Les deux écrans permettent d’intensifier le conflit entre le
tracteur orange et le tracteur vert. On peut voir leur position l’un vis-à-vis de
l’autre. Parfois le même tracteur apparaît sur les deux écrans afin de montrer
sa domination. Ce dispositif permet d’insister sur certains aspects
spectaculaires de la course, la vitesse, les virages. Il permet de développer
deux micro idées en même temps ou d’apporter deux informations simultanément.
J’ai aussi travaillé l’idée de décalage ou de contre temps avec un
montage sec afin d’accentuer la notion de violence.
Les deux écrans permettent enfin de travailler la notion de
répétition simultanée ou décalée.
Le film est également visible par un dispositif de double
projection. Pourquoi une telle déclinaison ?
Je voulais que le spectateur vive cette course de tracteur, qu’il
ressente à la fois la violence et la fureur des machines, mais aussi qu’il
regarde les concurrents comme de grands enfants.

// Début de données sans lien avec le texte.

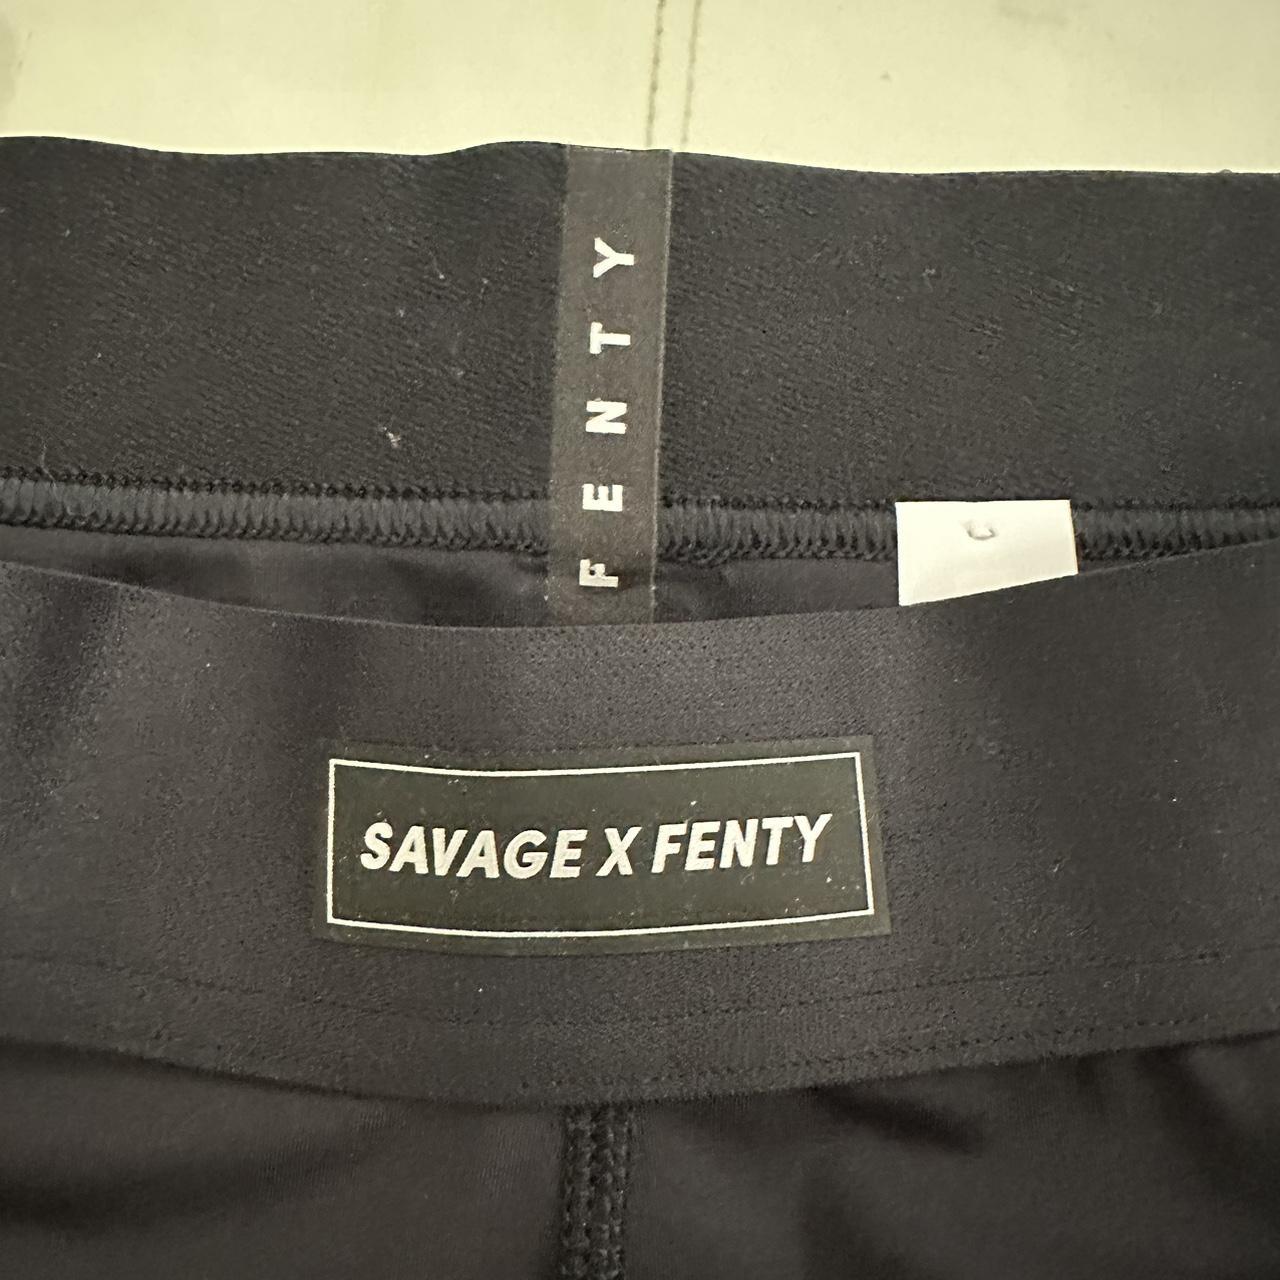 Savage X Fenty Leggins by Rihanna size XL

Je voulais que le spectateur soit le plus possible immergé dans
l’action, le bruit, l’énergie de la course. Le rapport frontal à l’image ne me
satisfaisait pas complètement, il fallait donc modifier la place du spectateur
en proposant un autre dispositif. Les chevaliers dans sa forme idéale
est une installation composée de deux films qui sont projetés chacun sur un
écran 4/3. Les deux écrans se font face et sont placés à 6 ou 7 mètres l’un de
l’autre. Le spectateur entre dans le dispositif et doit constamment regarder à
droite ou à gauche dans une incapacité à voir les deux films. Ce dispositif
permet aussi de jouer avec la bande son et de canarder le spectateur de bruit
de moteur. Il ne manque plus que les vapeurs de carbone.
Vous n’avez, jusque là, réalisé que des courts-métrages.
Envisagez-vous un passage au long ou les possibilités économiques et narratives
permises par le court vous correspondent-elles mieux ?
En fait depuis que je fais des films je diminue leur durée. J’ai
commencé par faire un film de 60’, puis 56’ ,47’, 26’ et puis 13 minutes. Je
suis à l’aise avec le format court. Non pas que je n’aime pas les longs films
mais j’ai tendance à raccourcir de plus en plus mes projets. Mon dernier film 12.12.19 dure
5 minutes, juste le temps nécessaire pour perdre le spectateur dans un paysage
traversé par des individus étranges. Un film documentaire / fiction avec très
peu d’éléments et dont le principal acteur est le spectateur puisque c’est lui
qui doit créer l’histoire.
Les chevaliers fonctionne un peu selon ce principe. Je
voulais que ce soit le spectateur qui fasse son film par ses choix de regards
et je n’avais pas besoin de faire durer le film pour cela. Et puis la durée du
film correspond à peu près à la durée d’une course.